Benchmarking is activated by providing following arguments:
--ground_truth [default = false]
Path to a tab-delimited text file giving expected sample composition. The file must contain headerandat list the columns:
-
sample: Sample name -
taxid:Taxonomic identifier -
proportion: Expected proportion in the [0-1] interval, not in percent
--benchmark_rank [default = 'genus']
Maximum rank for a predicted match to be positive
--benchmark_cutoff [default = 0.001]
Minimum proportion to be considered predicted
Expert options
Most users probably will not need to touch these options.
--store_reads [ default = false ]
Emit the primer-trimmed reads into the result folder. This option is mostly useful to debug errors that are related to failed primer site removal. This option is set to false by default to save storage space.
--blocklist
Provide a list of NCBI taxonomy IDs (one per line) that should be masked from the BLAST database (and thus the result). FooDMe 2 uses a built-in block list - but you can use this option to overwrite it, if need be. A typical use case would be a list of taxa that you know for a fact to be false positive hits.
--disable_low_complexity [default = false]
By default, Blast with filter/main low complexity sequences. If your amplicons have very low complexity, you may wish to set this option to disable the masking of low complexity motifs.
nextflow run bio-ram/FooDMe2 -profile apptainer \\
--input samples.tsv \\
--disable_low_complexity ...
--vsearch [ default = false ]
The default tool to compute OTUs/ASVs is DADA2. Use this option to run VSEARCH instead (short reads only).
--vsearch_min_cov [ default = 5 ]
The minimum amount of coverage required for an OTU to be created from the read data.
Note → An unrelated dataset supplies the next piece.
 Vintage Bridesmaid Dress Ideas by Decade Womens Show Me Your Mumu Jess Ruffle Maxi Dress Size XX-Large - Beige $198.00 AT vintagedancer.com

--vsearch_cluster_id [ default = 98 ]
The percentage similarity for ASUs to be collapsed into OTUs. If you set this to 100, ASUs will not be collapsed at all, which will generate a higher resolution call set at the cost of added noise. In turn, setting this value too low may collapse separate species into "hybrid" OTUs. The default of 98 seems to work quite well for our data, but will occasionally fragment individual taxa into multiple OTUs if sequencing error rate is high. For the TSV output, OTUs with identical taxonimic assignments will be counted as one, whereas the JSON output leaves this step to the user.
PCR primer trimming
Some possible usage examples:
nextflow run bio-raum/FooDMe2 -profile standard,conda --input samples.csv \\
--primer_set amniotes_dobrovolny \\
--run_name cutadapt-test
This example uses a built-in primer set to perform primer removal.
nextflow run bio-raum/FooDMe2 -profile standard,conda --input samples.csv \\
--primers_fa my_primers.fasta \\
--db srna \\
--run_name cutadapt-test
This example uses your custom primers, performs PCR primer site removal with cutadapt and performs taxonomic profiling against the srrna database.
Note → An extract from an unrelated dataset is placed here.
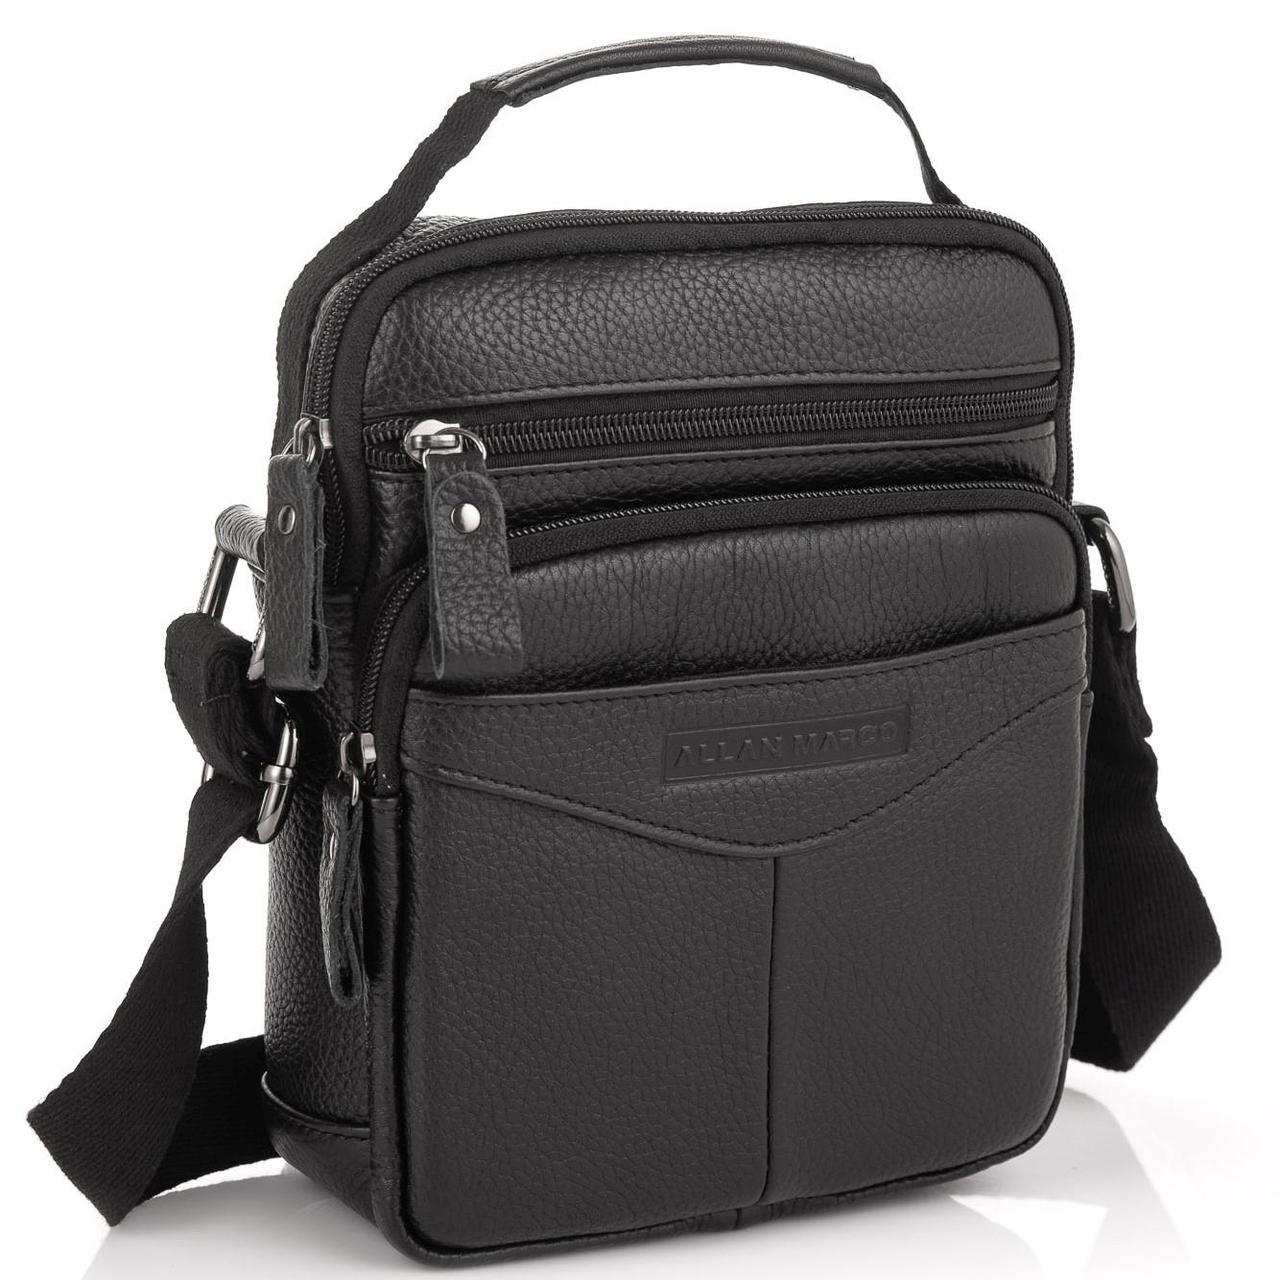 Кожаная мужская сумка-мессенджер черная Allan Marco RR-9055A

nextflow run bio-raum/FooDMe2 -profile standard,conda --input samples.csv \\
--primer_set amniotes_dobrovolny \\
--cutadapt_trim_3p \\
--run_name cutadapt-test
This example will additionally reverse complement your primer sequences and check for primer binding sites at both ends of each read.
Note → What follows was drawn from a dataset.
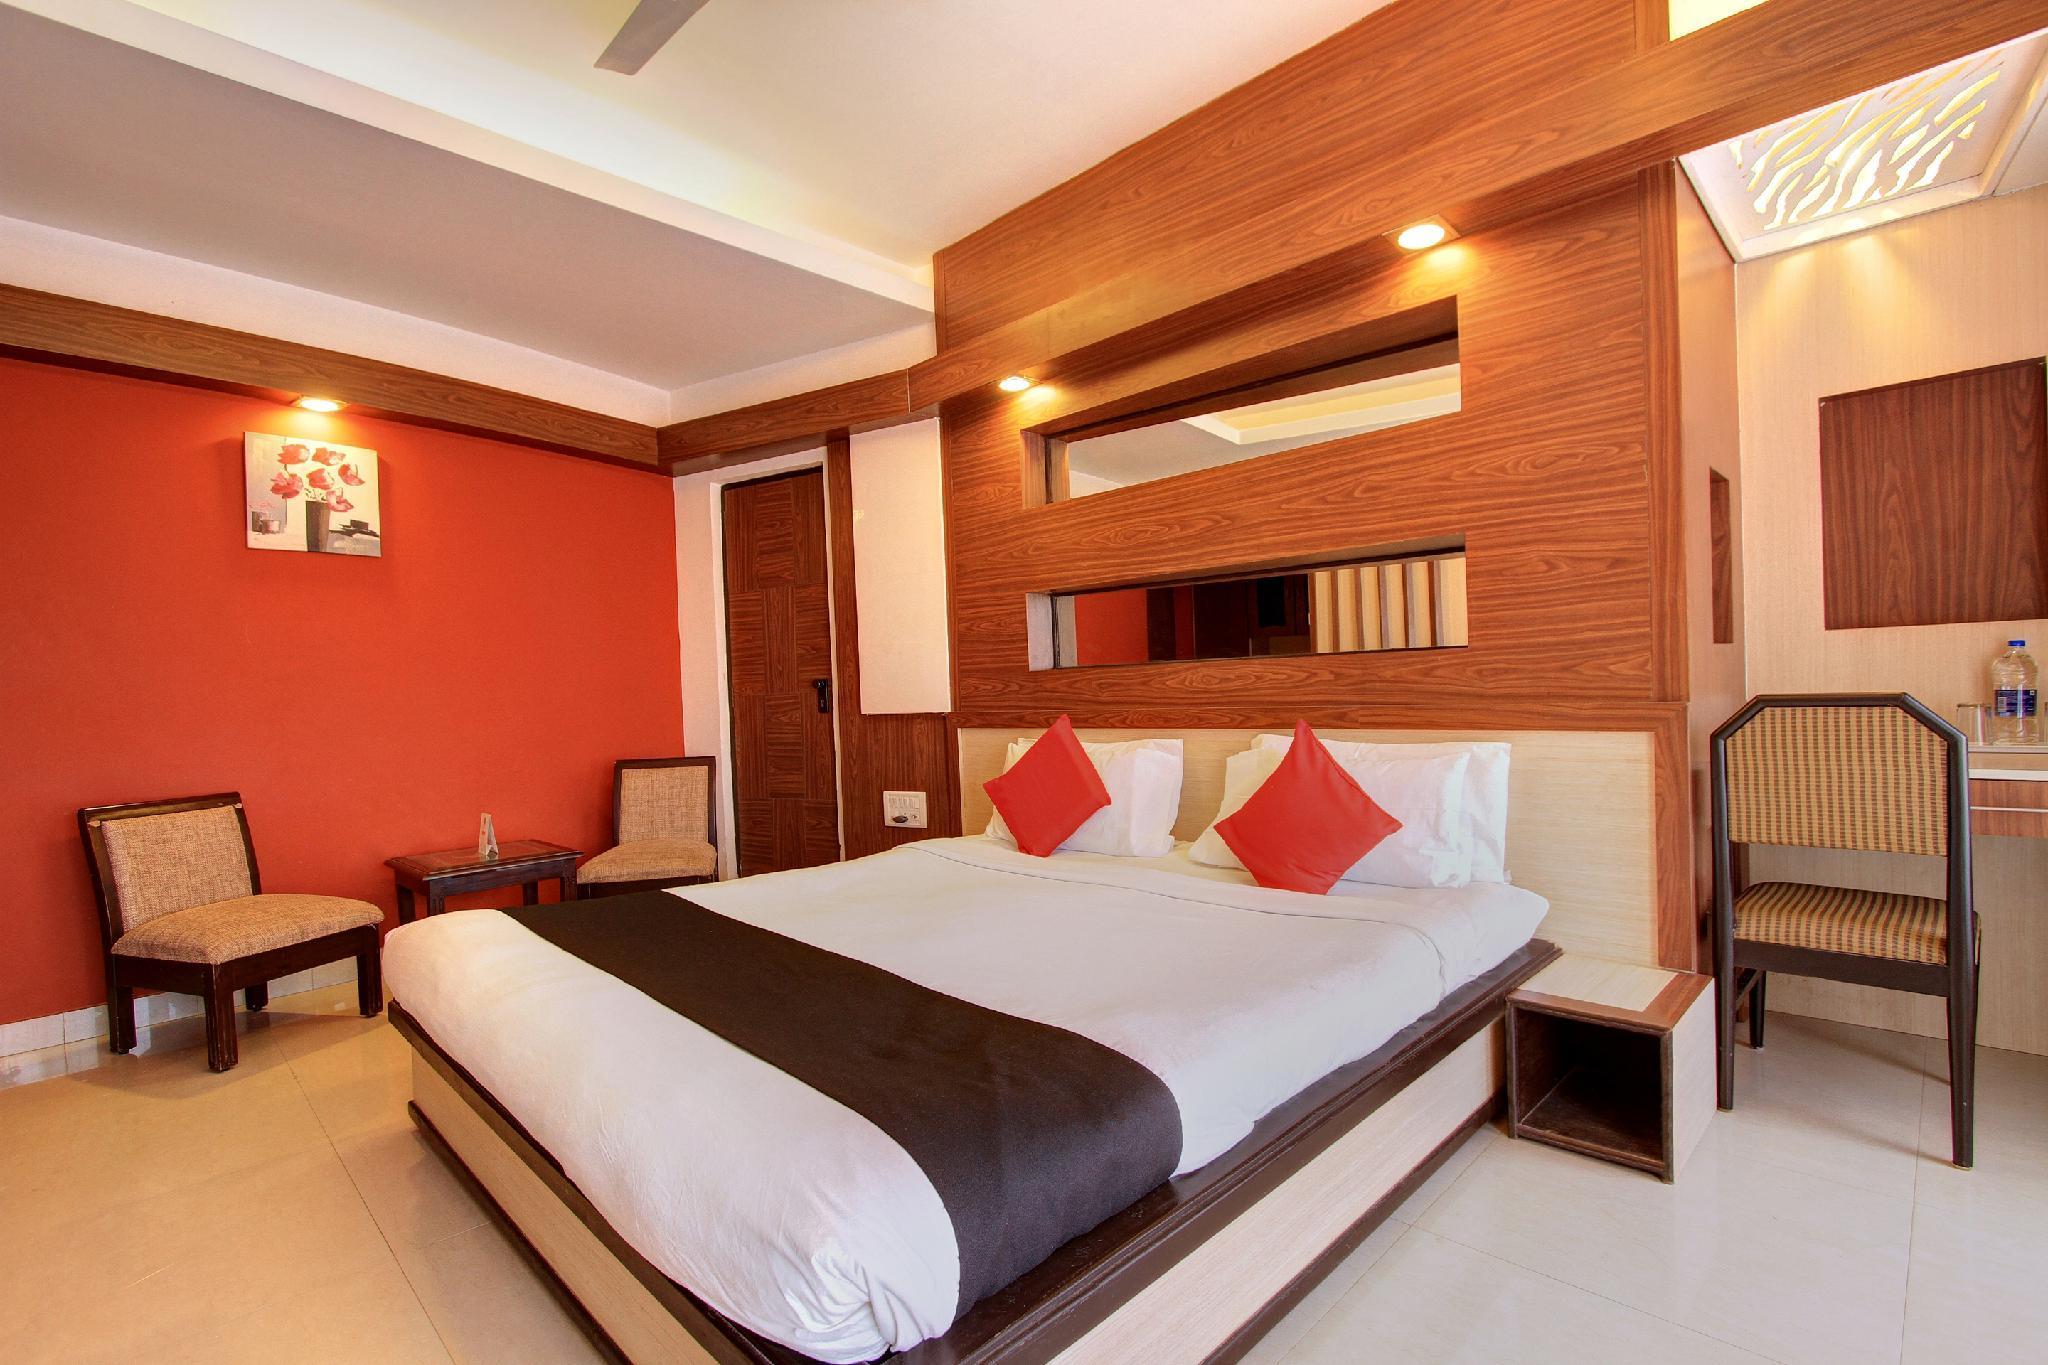 Capital O 22798 The Hans Hotel

--cutadapt_trim_3p [ default = false ]
Use this option if you know that your read length is as long or longer than your PCR product. In this case, the reads will carry both the forward and reverse primer site - something that Cutadapt will normally fail to detect.
--cutadapt_options [ default = "" ]
Any additional options you feel should be passed to Cutadapt. Use at your own risk.